## SOURCE MATERIAL
━━━━━━━━━━━━━━━━━━━━━━━━━━━━━━

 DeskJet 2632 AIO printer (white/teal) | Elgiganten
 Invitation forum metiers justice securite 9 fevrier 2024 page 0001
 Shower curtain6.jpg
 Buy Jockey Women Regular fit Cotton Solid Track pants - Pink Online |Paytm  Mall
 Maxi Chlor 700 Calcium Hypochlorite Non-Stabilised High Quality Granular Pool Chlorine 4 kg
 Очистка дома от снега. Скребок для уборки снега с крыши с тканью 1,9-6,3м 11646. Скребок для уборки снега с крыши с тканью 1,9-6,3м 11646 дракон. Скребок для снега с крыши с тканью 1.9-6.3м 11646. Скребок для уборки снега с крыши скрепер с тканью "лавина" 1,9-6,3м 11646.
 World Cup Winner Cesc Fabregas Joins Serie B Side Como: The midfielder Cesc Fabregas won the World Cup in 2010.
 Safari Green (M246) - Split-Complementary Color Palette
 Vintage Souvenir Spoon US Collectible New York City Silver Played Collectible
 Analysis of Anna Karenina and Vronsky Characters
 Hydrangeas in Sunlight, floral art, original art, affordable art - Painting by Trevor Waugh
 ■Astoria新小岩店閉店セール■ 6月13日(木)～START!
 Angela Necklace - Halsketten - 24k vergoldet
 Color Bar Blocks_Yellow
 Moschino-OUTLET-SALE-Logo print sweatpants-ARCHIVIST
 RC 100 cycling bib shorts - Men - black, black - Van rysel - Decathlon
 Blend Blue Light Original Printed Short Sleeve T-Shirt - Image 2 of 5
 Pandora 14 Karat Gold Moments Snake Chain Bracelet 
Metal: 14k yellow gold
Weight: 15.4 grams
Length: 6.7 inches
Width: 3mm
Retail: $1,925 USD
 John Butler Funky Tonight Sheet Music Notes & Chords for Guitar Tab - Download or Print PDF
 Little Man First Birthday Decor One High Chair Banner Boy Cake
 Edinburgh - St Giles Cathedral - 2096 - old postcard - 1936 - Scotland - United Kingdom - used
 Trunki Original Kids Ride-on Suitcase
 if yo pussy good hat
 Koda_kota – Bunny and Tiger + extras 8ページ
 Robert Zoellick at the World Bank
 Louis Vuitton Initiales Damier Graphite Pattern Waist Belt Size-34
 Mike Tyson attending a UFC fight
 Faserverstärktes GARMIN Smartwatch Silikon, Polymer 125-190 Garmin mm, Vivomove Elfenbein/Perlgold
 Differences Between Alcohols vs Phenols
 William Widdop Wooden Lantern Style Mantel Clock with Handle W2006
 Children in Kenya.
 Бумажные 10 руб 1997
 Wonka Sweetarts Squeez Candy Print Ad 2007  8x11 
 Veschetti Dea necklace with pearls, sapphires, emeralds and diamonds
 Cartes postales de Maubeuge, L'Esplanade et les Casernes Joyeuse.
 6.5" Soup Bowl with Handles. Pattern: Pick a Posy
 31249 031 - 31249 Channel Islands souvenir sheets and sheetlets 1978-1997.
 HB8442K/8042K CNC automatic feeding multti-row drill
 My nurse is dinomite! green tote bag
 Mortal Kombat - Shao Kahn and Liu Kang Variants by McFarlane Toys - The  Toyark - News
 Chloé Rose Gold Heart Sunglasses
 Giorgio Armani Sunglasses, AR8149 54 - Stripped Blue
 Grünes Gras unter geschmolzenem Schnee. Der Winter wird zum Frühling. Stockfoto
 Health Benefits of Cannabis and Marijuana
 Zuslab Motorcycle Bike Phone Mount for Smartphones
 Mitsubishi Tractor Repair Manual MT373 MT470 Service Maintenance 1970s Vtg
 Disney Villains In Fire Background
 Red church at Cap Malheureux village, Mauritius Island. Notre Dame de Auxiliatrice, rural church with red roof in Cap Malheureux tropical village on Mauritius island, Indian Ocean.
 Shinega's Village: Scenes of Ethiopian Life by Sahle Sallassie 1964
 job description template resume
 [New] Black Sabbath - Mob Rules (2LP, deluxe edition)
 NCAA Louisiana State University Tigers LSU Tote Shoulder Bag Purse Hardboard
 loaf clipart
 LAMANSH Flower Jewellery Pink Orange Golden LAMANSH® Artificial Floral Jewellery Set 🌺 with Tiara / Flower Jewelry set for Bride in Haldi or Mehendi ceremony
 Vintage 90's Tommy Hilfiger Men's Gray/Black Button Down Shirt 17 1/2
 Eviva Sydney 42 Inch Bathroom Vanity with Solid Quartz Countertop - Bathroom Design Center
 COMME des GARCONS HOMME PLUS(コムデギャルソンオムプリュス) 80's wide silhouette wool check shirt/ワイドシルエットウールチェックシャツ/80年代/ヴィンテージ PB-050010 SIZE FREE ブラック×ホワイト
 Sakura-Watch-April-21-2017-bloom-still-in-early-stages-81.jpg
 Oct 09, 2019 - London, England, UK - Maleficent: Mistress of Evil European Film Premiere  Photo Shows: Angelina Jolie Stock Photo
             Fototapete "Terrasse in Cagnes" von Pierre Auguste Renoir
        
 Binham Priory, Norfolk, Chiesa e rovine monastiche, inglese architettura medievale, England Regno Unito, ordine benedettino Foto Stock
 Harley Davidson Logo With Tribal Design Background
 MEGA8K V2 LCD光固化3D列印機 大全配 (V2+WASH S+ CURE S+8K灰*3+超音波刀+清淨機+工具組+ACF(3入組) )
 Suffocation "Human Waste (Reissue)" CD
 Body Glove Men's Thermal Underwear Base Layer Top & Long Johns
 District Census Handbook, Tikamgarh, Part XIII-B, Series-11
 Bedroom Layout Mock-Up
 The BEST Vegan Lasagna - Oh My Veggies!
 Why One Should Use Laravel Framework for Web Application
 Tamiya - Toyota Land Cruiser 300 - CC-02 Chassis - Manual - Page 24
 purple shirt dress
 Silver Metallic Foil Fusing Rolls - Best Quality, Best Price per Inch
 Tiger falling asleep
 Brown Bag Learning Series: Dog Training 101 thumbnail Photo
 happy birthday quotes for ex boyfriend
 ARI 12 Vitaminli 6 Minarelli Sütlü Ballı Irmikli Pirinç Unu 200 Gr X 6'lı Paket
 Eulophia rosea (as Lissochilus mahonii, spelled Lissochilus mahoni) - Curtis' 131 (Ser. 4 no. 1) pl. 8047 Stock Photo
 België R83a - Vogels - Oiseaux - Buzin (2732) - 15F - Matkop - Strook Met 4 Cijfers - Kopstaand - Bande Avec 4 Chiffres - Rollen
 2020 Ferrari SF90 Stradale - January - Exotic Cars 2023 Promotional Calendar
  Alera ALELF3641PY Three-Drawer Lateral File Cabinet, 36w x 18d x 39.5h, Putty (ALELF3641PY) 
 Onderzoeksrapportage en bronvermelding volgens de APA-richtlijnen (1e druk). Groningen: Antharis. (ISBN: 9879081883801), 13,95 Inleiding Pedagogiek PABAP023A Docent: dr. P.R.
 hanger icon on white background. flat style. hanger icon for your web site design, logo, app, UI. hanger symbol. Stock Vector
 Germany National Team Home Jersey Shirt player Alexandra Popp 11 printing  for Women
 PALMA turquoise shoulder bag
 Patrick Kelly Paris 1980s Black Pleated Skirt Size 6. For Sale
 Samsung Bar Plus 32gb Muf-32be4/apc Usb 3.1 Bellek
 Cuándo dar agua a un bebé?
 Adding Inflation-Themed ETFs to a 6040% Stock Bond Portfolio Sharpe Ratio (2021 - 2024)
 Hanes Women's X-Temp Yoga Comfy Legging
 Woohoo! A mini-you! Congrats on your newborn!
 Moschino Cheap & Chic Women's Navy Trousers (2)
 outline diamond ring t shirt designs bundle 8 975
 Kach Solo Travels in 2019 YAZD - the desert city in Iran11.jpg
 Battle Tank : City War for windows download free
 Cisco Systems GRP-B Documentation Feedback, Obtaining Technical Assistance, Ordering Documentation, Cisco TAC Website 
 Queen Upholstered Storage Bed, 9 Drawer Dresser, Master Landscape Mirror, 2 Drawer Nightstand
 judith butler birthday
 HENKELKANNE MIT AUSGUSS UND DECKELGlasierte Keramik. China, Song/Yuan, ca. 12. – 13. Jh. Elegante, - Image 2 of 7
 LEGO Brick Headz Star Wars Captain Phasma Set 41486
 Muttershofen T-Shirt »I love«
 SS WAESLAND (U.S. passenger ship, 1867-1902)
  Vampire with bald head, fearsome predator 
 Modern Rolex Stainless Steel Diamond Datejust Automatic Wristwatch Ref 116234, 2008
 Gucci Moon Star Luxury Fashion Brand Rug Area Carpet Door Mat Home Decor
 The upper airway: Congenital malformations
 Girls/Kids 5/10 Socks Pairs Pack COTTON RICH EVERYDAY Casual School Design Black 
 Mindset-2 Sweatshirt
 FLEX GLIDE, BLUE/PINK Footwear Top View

━━━━━━━━━━━━━━━━━━━━━━━━━━━━━━

In the entries above, find the line with "outline diamond ring" and the line with "Cisco Systems GRP-B", then restate word for word both of them and every line between, with nothing more.

 outline diamond ring t shirt designs bundle 8 975
 Kach Solo Travels in 2019 YAZD - the desert city in Iran11.jpg
 Battle Tank : City War for windows download free
 Cisco Systems GRP-B Documentation Feedback, Obtaining Technical Assistance, Ordering Documentation, Cisco TAC Website 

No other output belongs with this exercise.